Poggi afirmaba que el “negro” era un tipo muy hábil, con un elevadísimo coeficiente intelectual y que nunca confesaría sus crímenes; que se trataba de un “duro” habituado a interrogatorios y torturas carcelarias, que así nomás no hablaba. Era el viernes 7 de febrero de 1986. Por la tarde, el reportero gráfico de Caretas, Víctor Ch. Vargas, logró entrar en el local de la PIP camuflado como fotógrafo particular del psicólogo. Sus tomas revelaron el grado de sumisión del detenido.
El hombre de la pipa negra trabajó frenéticamente ese fin de semana. Todo el sábado, con dibujos que el criminal debió interpretar; hasta el domingo, antes de la medianoche, en que el “terapeuta” perdió la razón. Y sólo sus manos cobraron fuerza ante el cuerpo lánguido del psicópata. La correa ajustó el cuello hasta el final.

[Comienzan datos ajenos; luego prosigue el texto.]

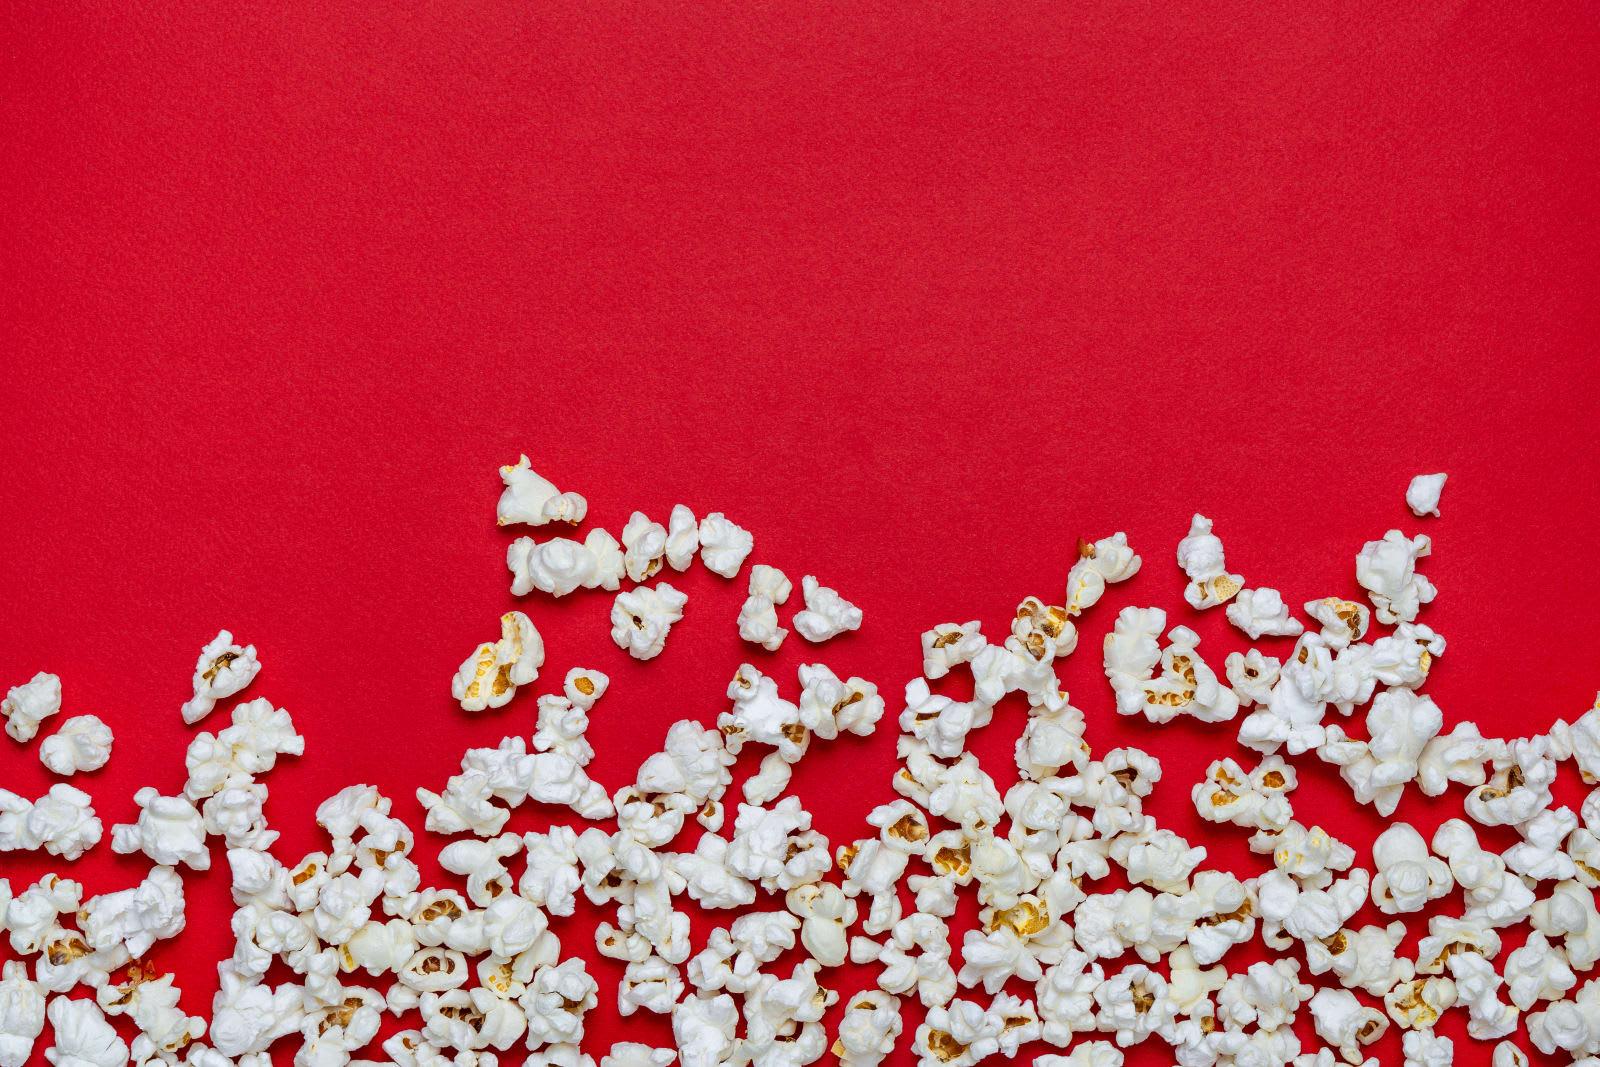 Regal Cinemas unveils its unlimited movie subscription service
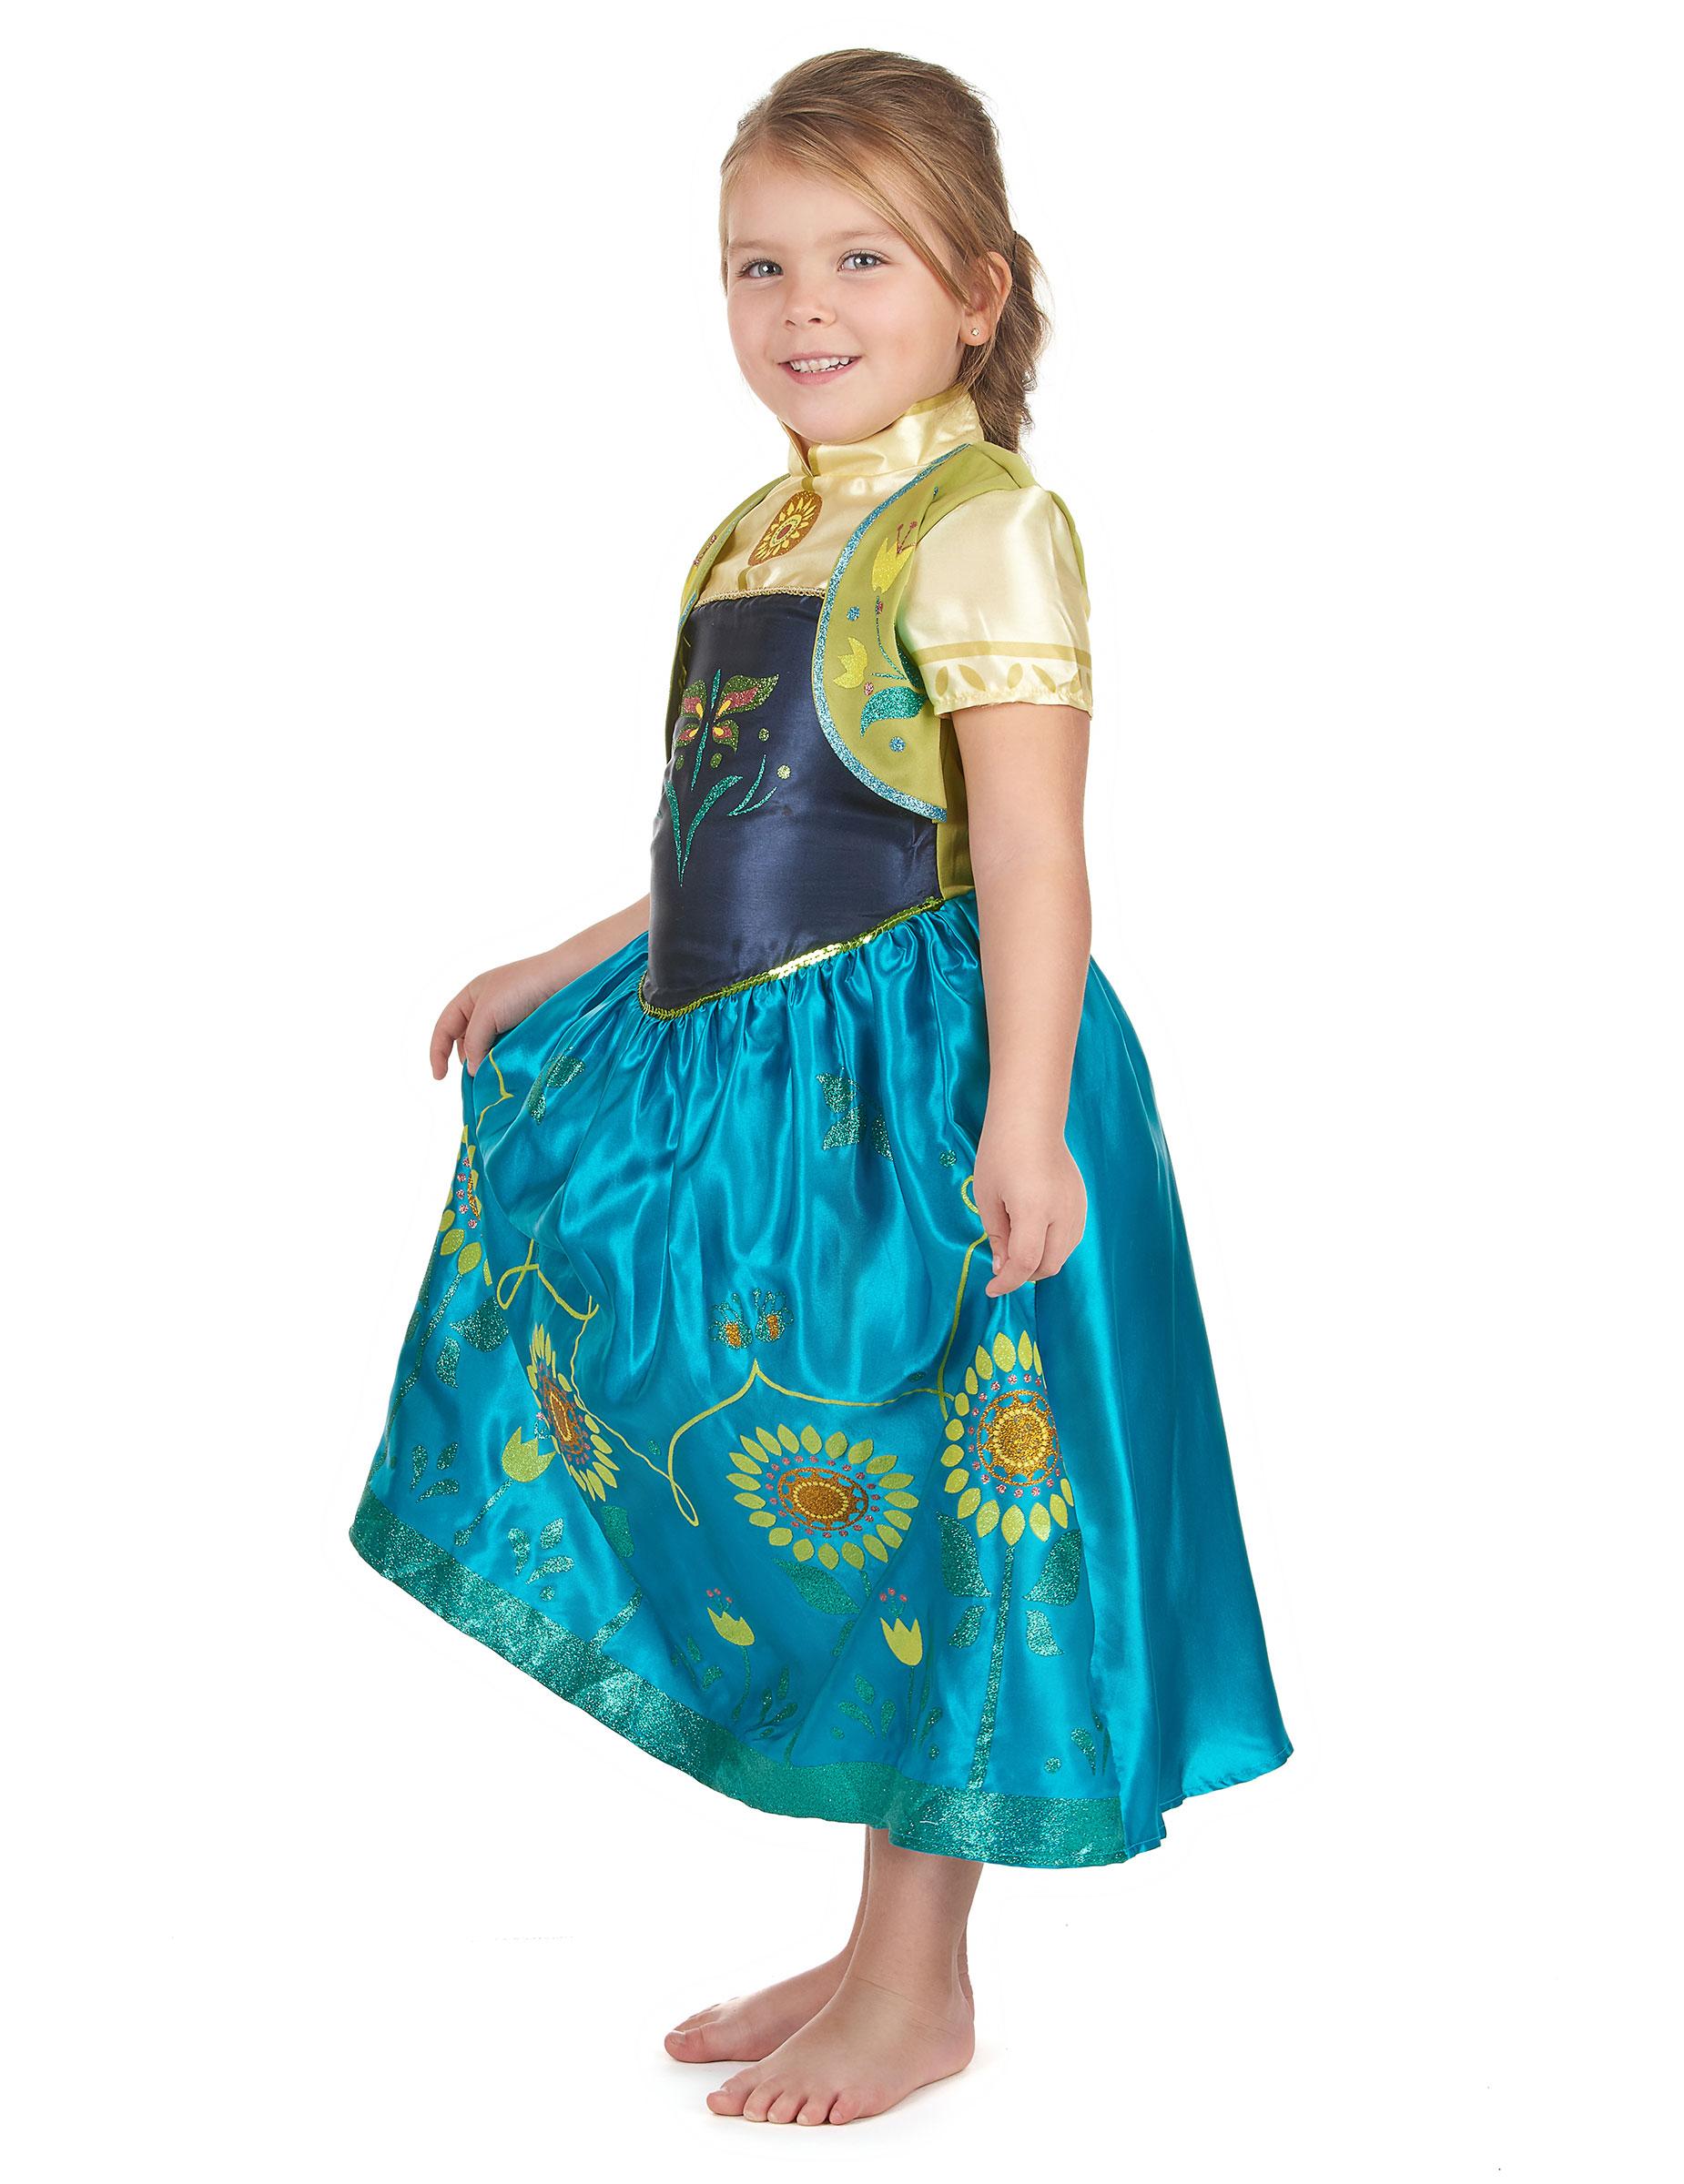 Bambina Costume Costumi Anna e Di Vestiti Carnevale Frozen™ Bambini qpERpwU

Un diálogo tenso, duro, trágico, fue la previa al remate homicida. “¡Así, no te muevas, no te muevas! ¡No te muevas, asesino! ¡Asesino…Asesino! ¡Ya no matarás a nadie asesino… ¡Malditoooo!… ditooooo!”. Esas fueron las últimas palabras entre ambos protagonistas, grababas por el propio psicólogo y publicadas por el periodista Jorge Salazar en su libro Poggi: la verdad del caso (1987).
En esa época hubo muchas hipótesis, incluso algunos periodistas se aventuraron a decir que el psicólogo había recibido “ayuda” policial para su crimen.
Hoy, en su refugio chorrillano, que es como una casa de cartón, Poggi deambula al lado de una lancha descascarada que reposa en el amplio y oscuro pasadizo; y más allá, cohabita al lado de monstruosas piezas esculpidas en arcilla.
Solo estuvo cinco años preso, pues salió en 1991 beneficiado por la ley de despenalización vigente (dos años de pena por uno de trabajo). Sin embargo, debió registrarse mensualmente en las dependencias policiales hasta 1998, en que se cumplió la pena de doce años impuesta por la Corte Suprema.
Su traumática experiencia lo llevó a protagonizar una película, cuyo título inicial habría sido “Poggi: ángel o demonio”, pero finalmente quedó “Mi crimen al desnudo”, una cinta dirigida por Leonidas Zegarra, de bajísimo presupuesto, que se proyectó hacia el año 2001 en unas cuantas salas de provincias. Mal producido y peor dirigido, el tema del homicidio terminó grotescamente escenificado en un ambiente de music hall tan sórdido que ni el propio psicólogo quedó satisfecho.